The denial or granting of a motion for separate trials for two or more defendants jointly charged is a matter within the sound discretion of the trial judge and will not be disturbed unless there is a manifest abuse of discretion.

(Citations omitted.) See also State v. Ogle, 78 Wash. 2d 86, 469 P.2d 918 (1970); State v. Dobbs, 14 Wash. App. 613, 615, 544 P.2d 134 (1975). We find no manifest abuse of discretion here. Mr. Kinsey has failed to point to any specific prejudice as a result of the joinder and we have discovered none from our review of the record. See State v. Smith, 74 Wash. 2d 744, 755, 446 P.2d 571 (1968). Even if the trial on the September 24 matter had been severed from the trial on the October 14 matter, evidence of the latter transaction *305 would have been offered in the trial of Kinsey and Sims as proof of the latter's intent, or as proof of a common scheme or plan. State v. Eller, 84 Wash. 2d 90, 524 P.2d 242 (1974). While the sales were separated by a 3-week period of time, they both occurred in Sims' apartment and were handled in the same manner, i.e., Sims directed a third party to pick up the heroin. The mere fact that evidence may be admissible against one defendant and not against another is not in and of itself proof that the two defendants cannot have a fair trial if tried together. State v. Courville, 63 Wash. 2d 498, 501, 387 P.2d 938 (1963). The alleged third party in the second sale, Mr. Howard, was acquitted so that Mr. Kinsey's contention that he was prejudiced because he was tried with Howard appears to have little merit.

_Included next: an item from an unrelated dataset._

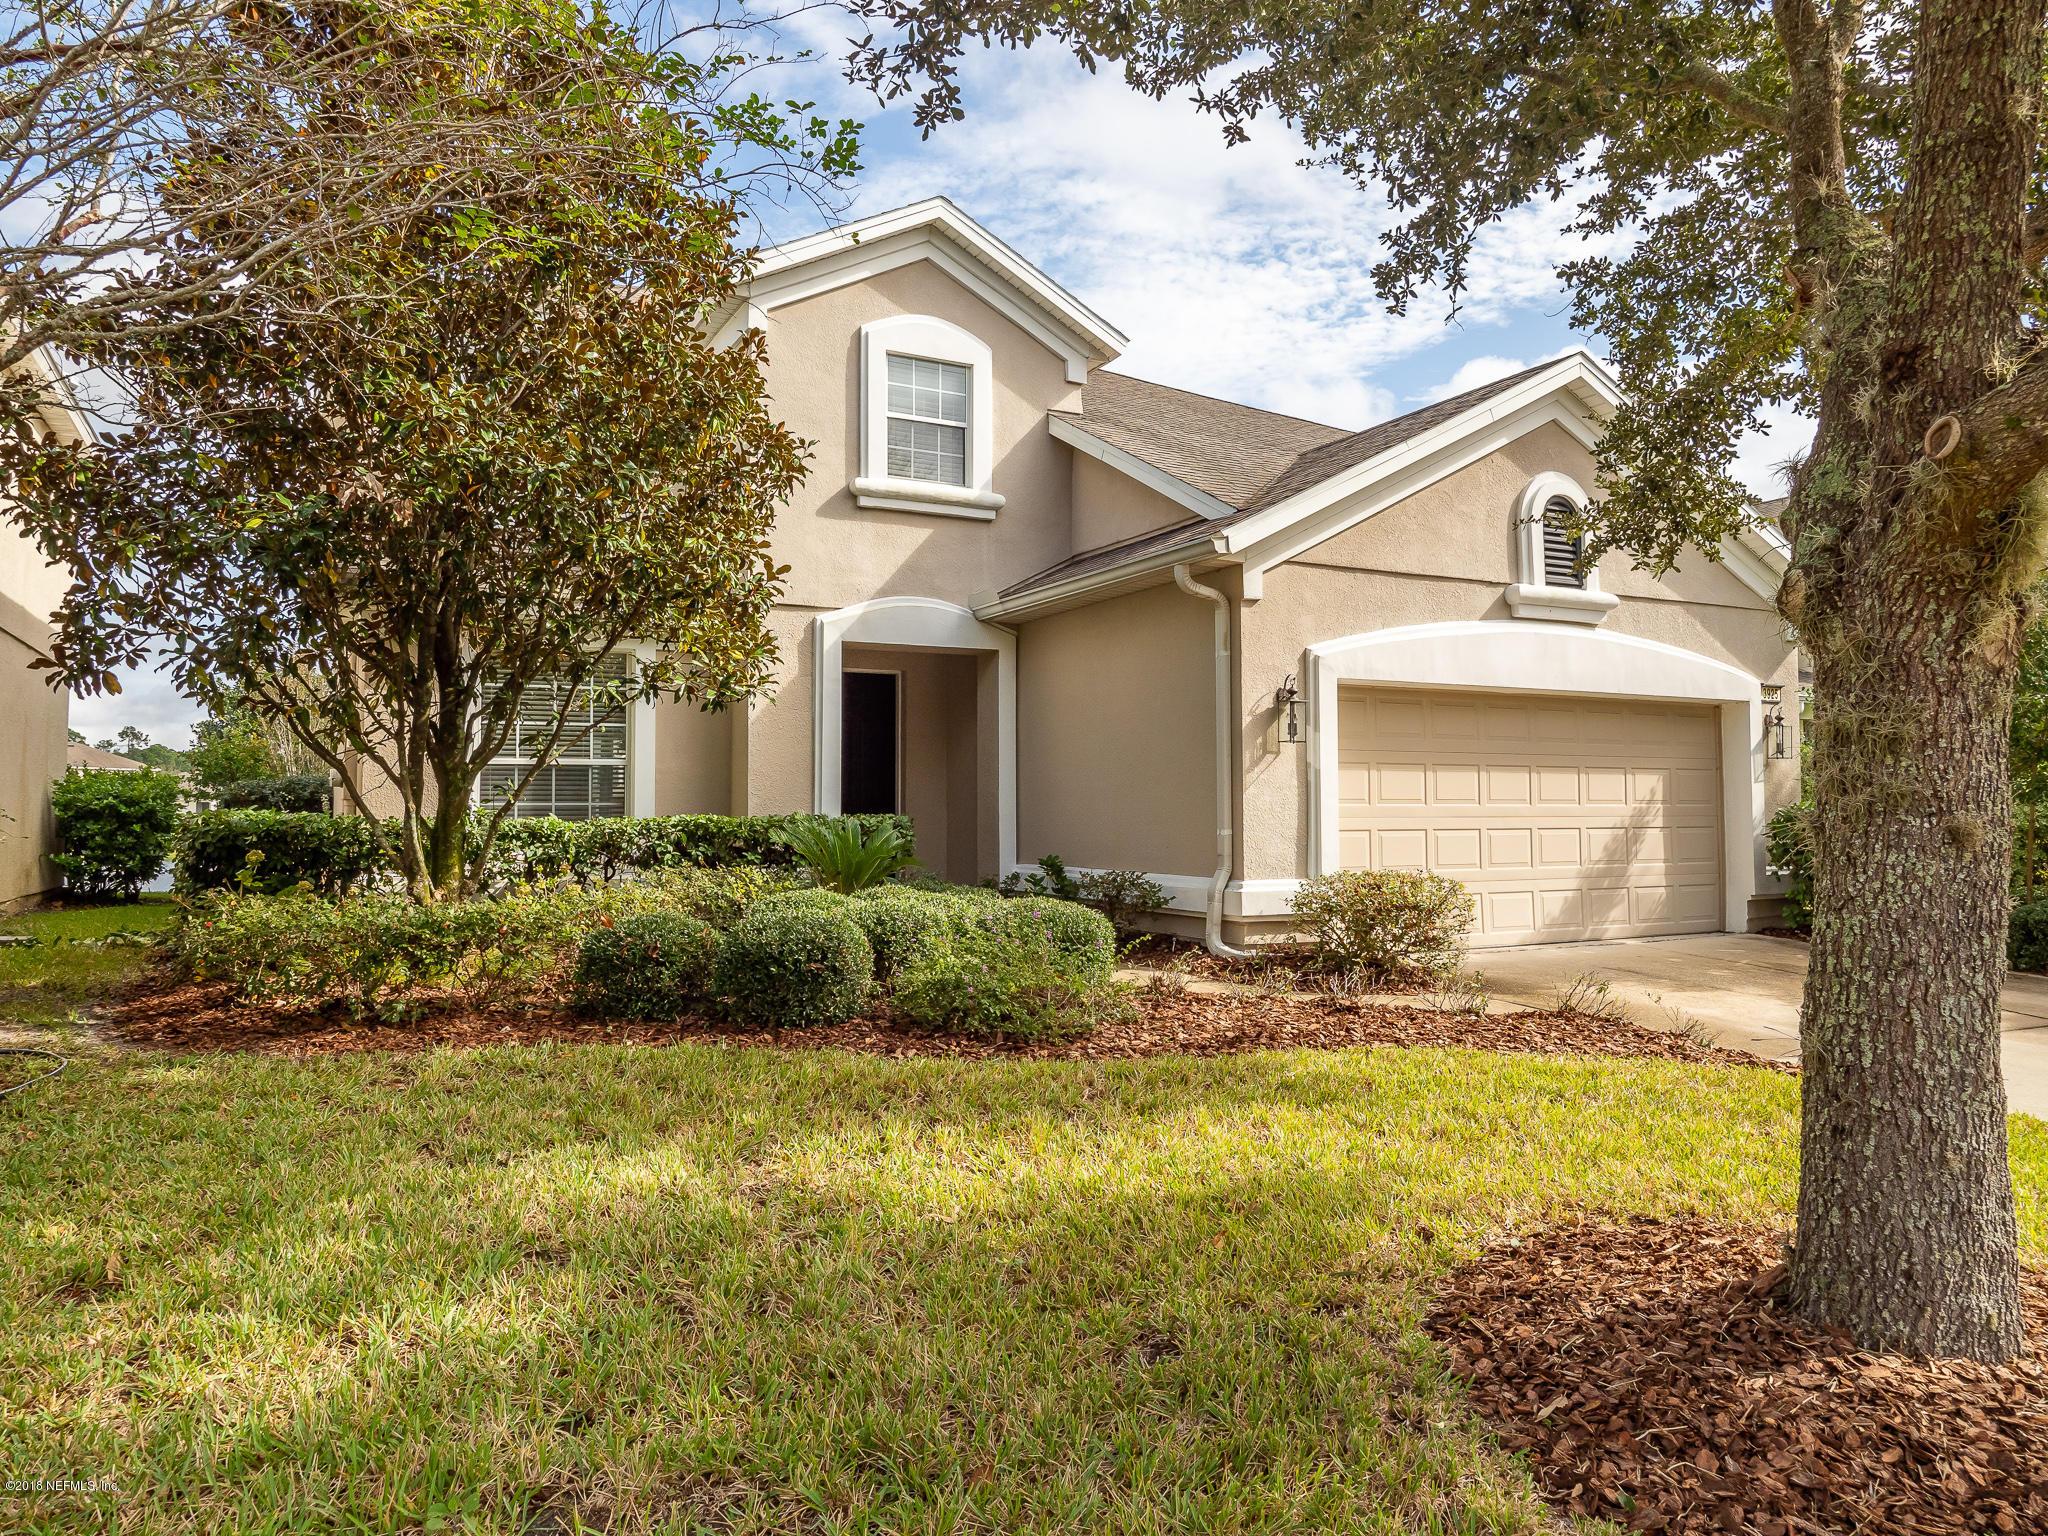 3925 Highgate Ct Jacksonville, FL 32216

Second, Mr. Kinsey contends his motion for directed verdict on the ground that he did not aid or abet Mr. Sims in the sale of heroin for profit should have been granted. It is Mr. Kinsey's position that there was no proof of sale or a profit and the charge should have been dismissed for that reason alone. We disagree.

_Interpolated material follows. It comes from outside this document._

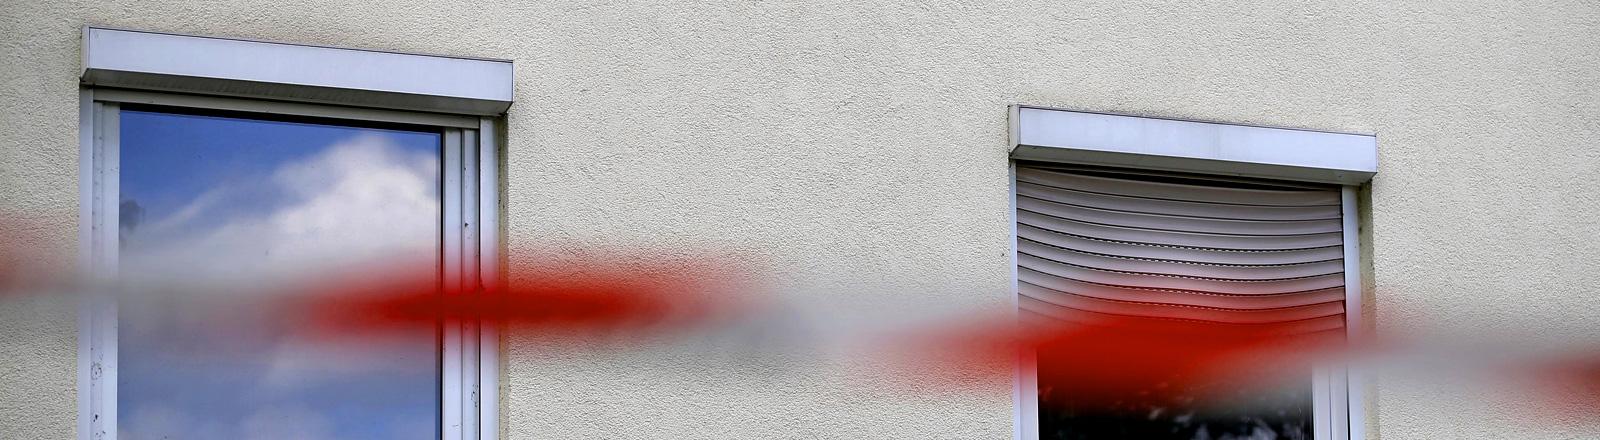 Ein Absperrband der Polizei hängt nach einem Brandanschlag am 31.07.2015 vor einer für Flüchtlinge vorgesehenen Unterkunft in Lunzenau (Sachsen).

RCW 69.50.410(1) provides:

Except as authorized by this chapter it shall be unlawful for any person to sell for profit any controlled substance or counterfeit substance classified in Schedule I, RCW 69.50.204, except leaves and flowering tops of marihuana.
For the purposes of this section only, the following words and phrases shall have the following meanings:
(a) "To sell" means the passing of title and possession of a controlled substance from the seller to the buyer for a price whether or not the price is paid immediately or at a future date.
(b) "For profit" means the obtaining of anything of value in exchange for a controlled substance.
(c) "Price" means anything of value.

The evidence construed in a light most favorable to the State establishes each of the requirements of this statute. Messrs. Kinsey and Sims both possessed and transferred *306 the heroin to the informant. There is no basis for concluding they did not have title; the inferences are to the contrary, as the informant had traded meat to each of them in return for heroin on prior occasions. Mr. Kinsey claims that he and Mr. Sims were agents of the purchaser informant for the reason stated in answer to the same position taken by Mr. Sims. The term "profit" as used in the statute merely means the giving of something of value in exchange for the heroin. Here, the informant gave Messrs. Sims and Kinsey $275 for the heroin. Mr. Kinsey's contention must fail.

Affirmed.

MUNSON, C.J., and ROE, J., concur.

Reconsideration denied June 30, 1978.

Review denied by Supreme Court November 17, 1978.